▸ Material provided
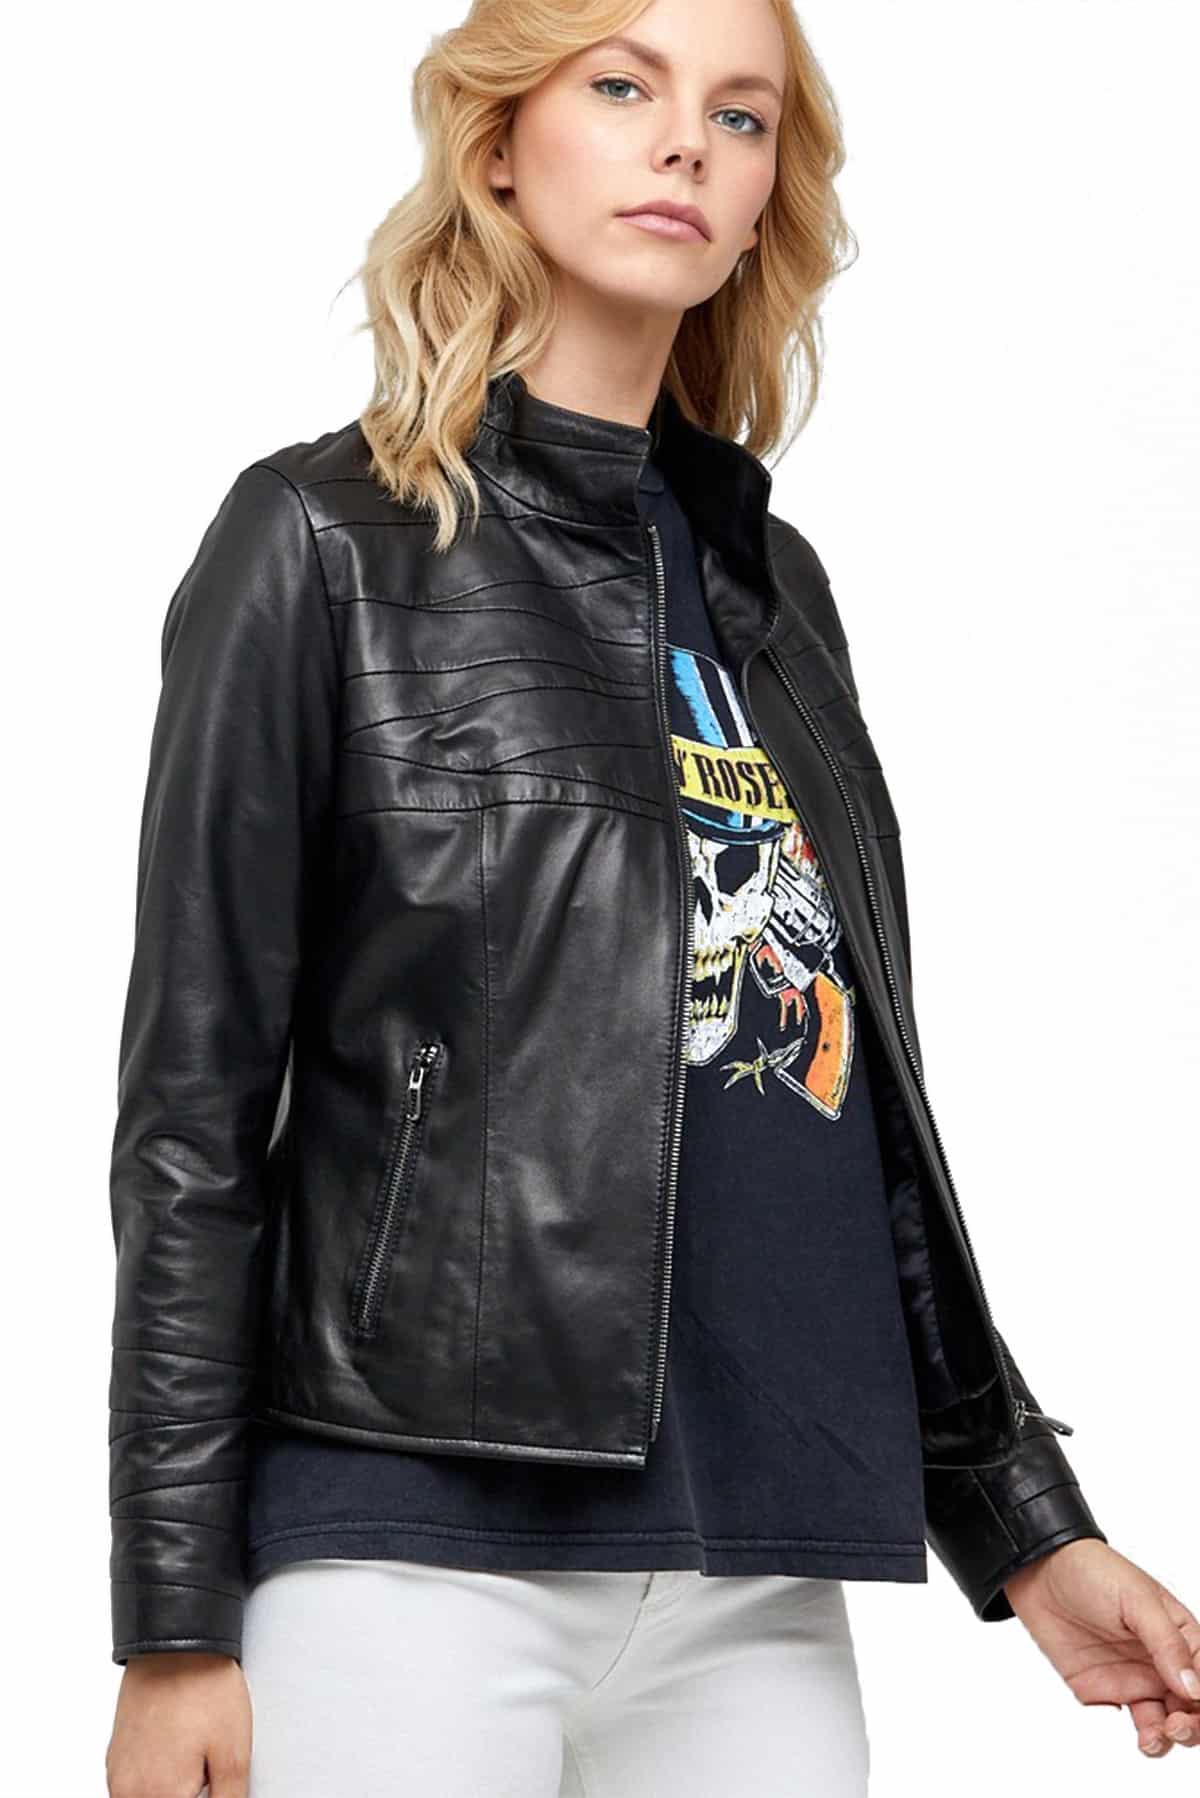 Sherill Women's 100 % Real Black Leather Biker Modern Classic Jacket
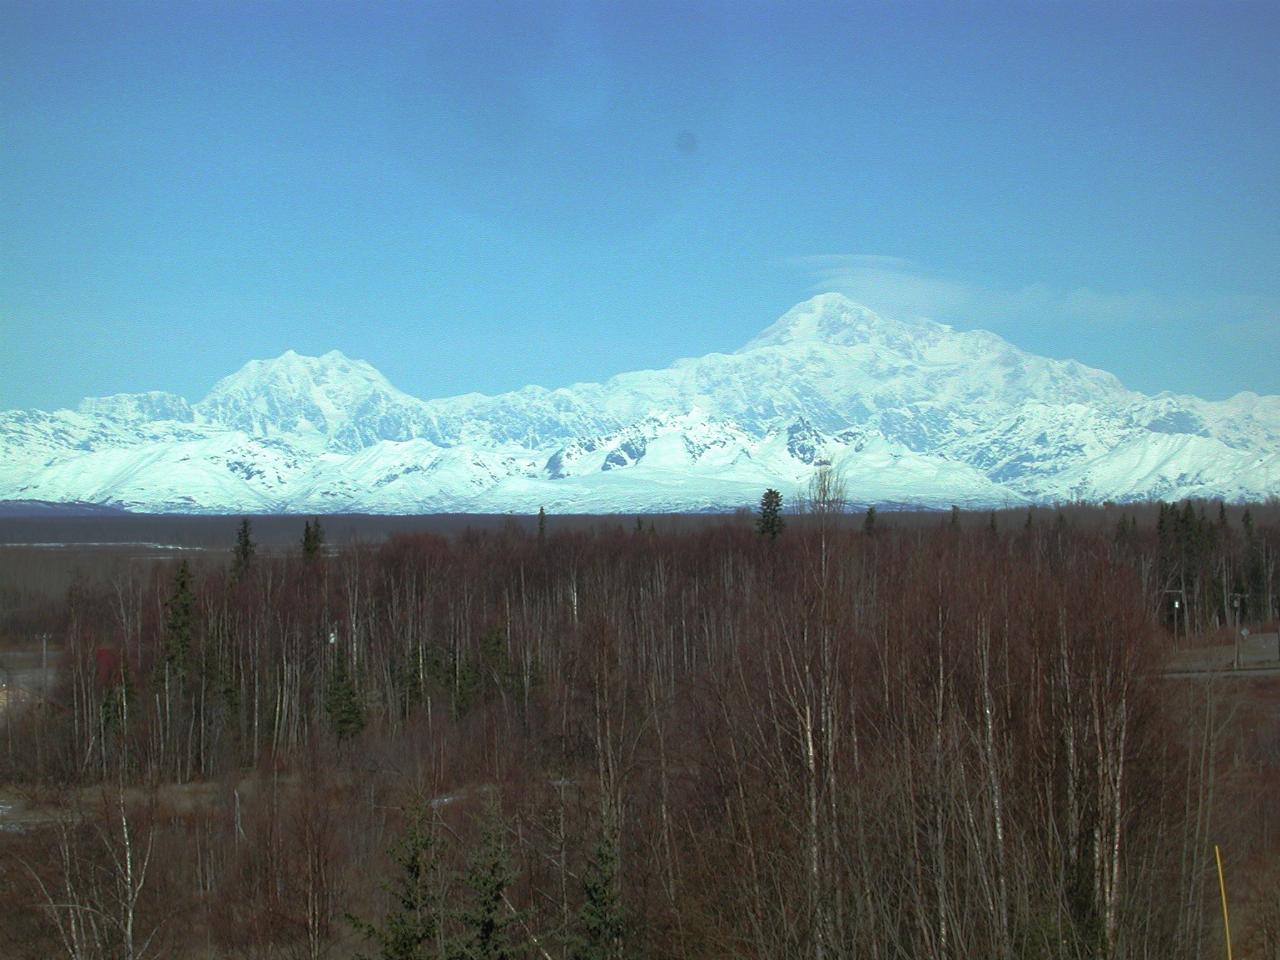 Alaska Range from just before Talkeetna - Mts Hunter and McKinley
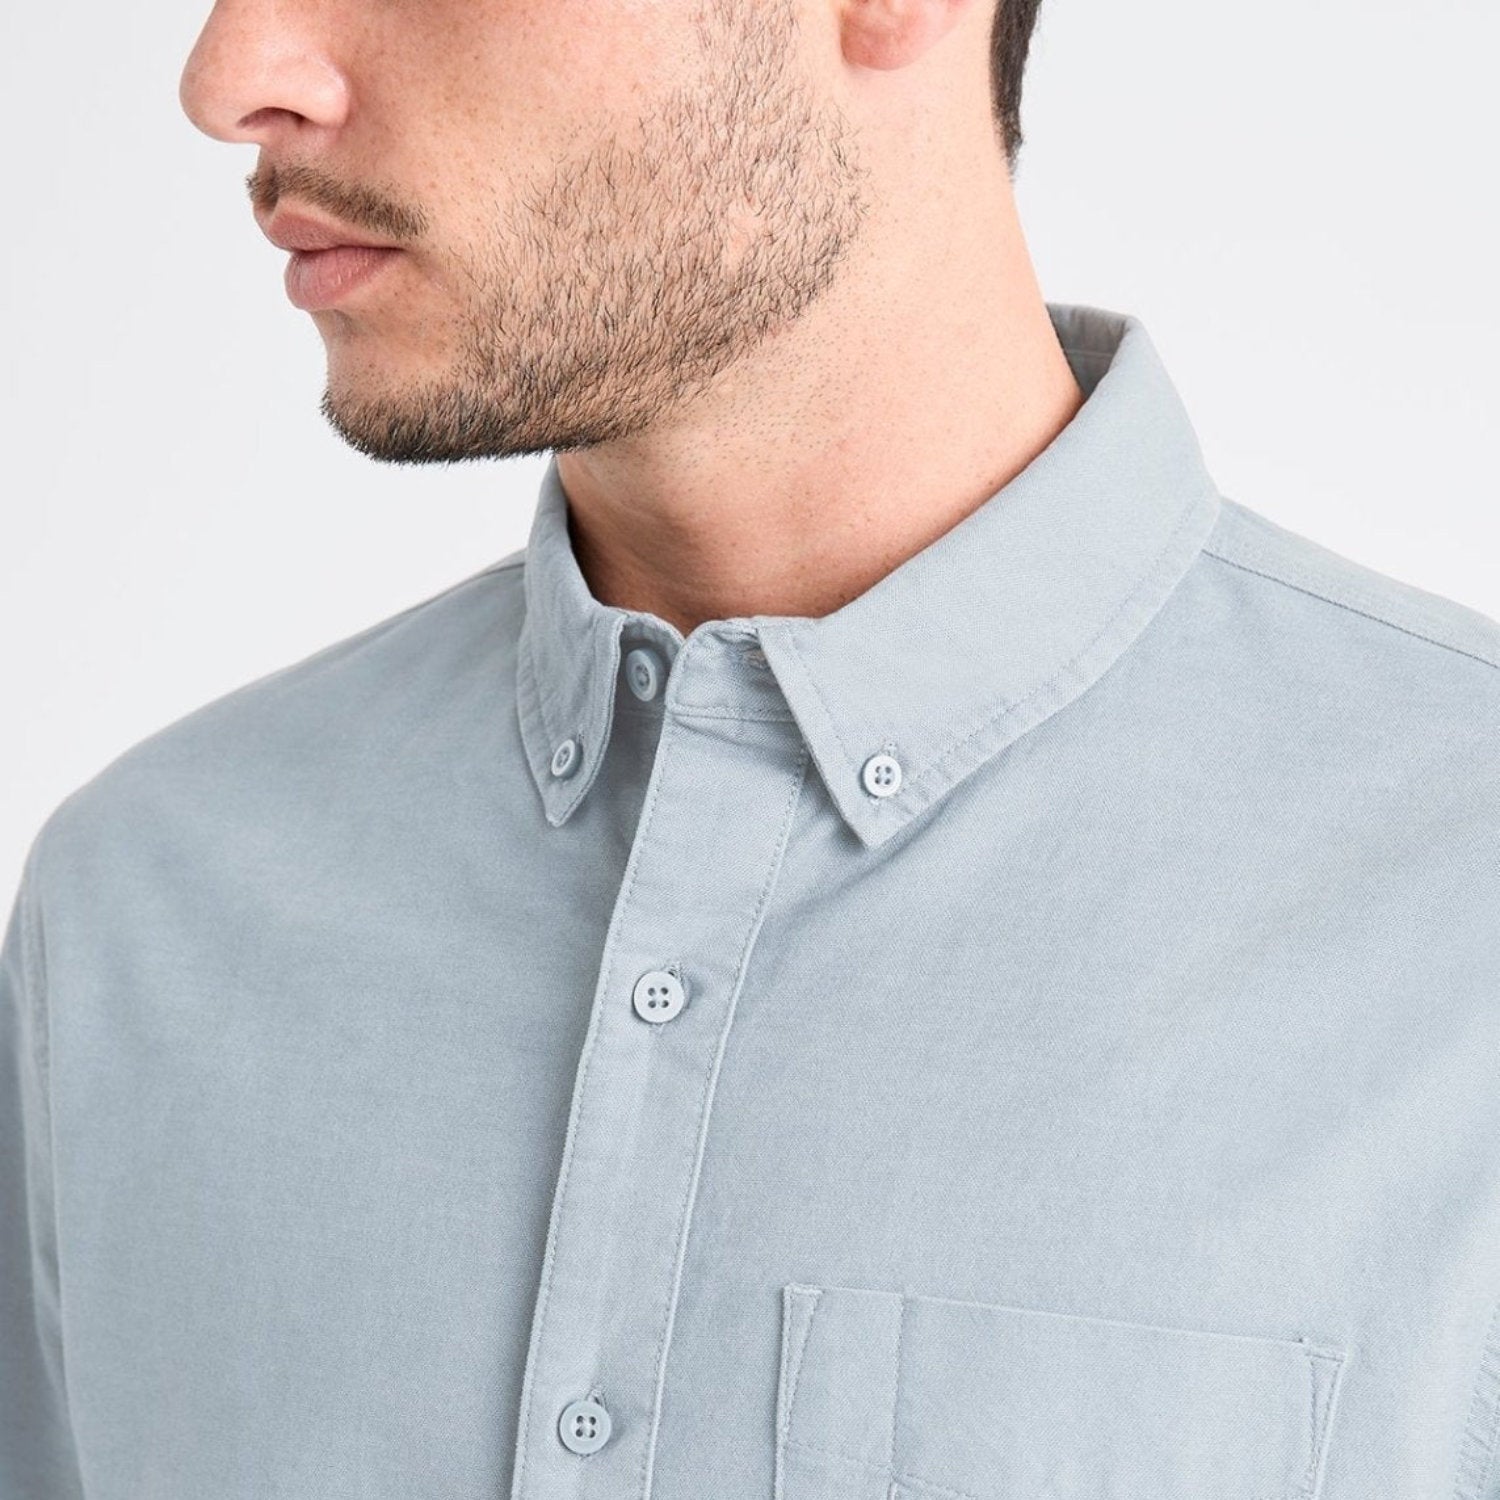 'Du/er Performance Stretch Button Down Shirt' in 'Fog Blue' colour

▸ How to complete this task
Retype the full listing above precisely. Exclude each picture you find in it.

▸ Exercise result
 Sherill Women's 100 % Real Black Leather Biker Modern Classic Jacket
 Alaska Range from just before Talkeetna - Mts Hunter and McKinley
 'Du/er Performance Stretch Button Down Shirt' in 'Fog Blue' colour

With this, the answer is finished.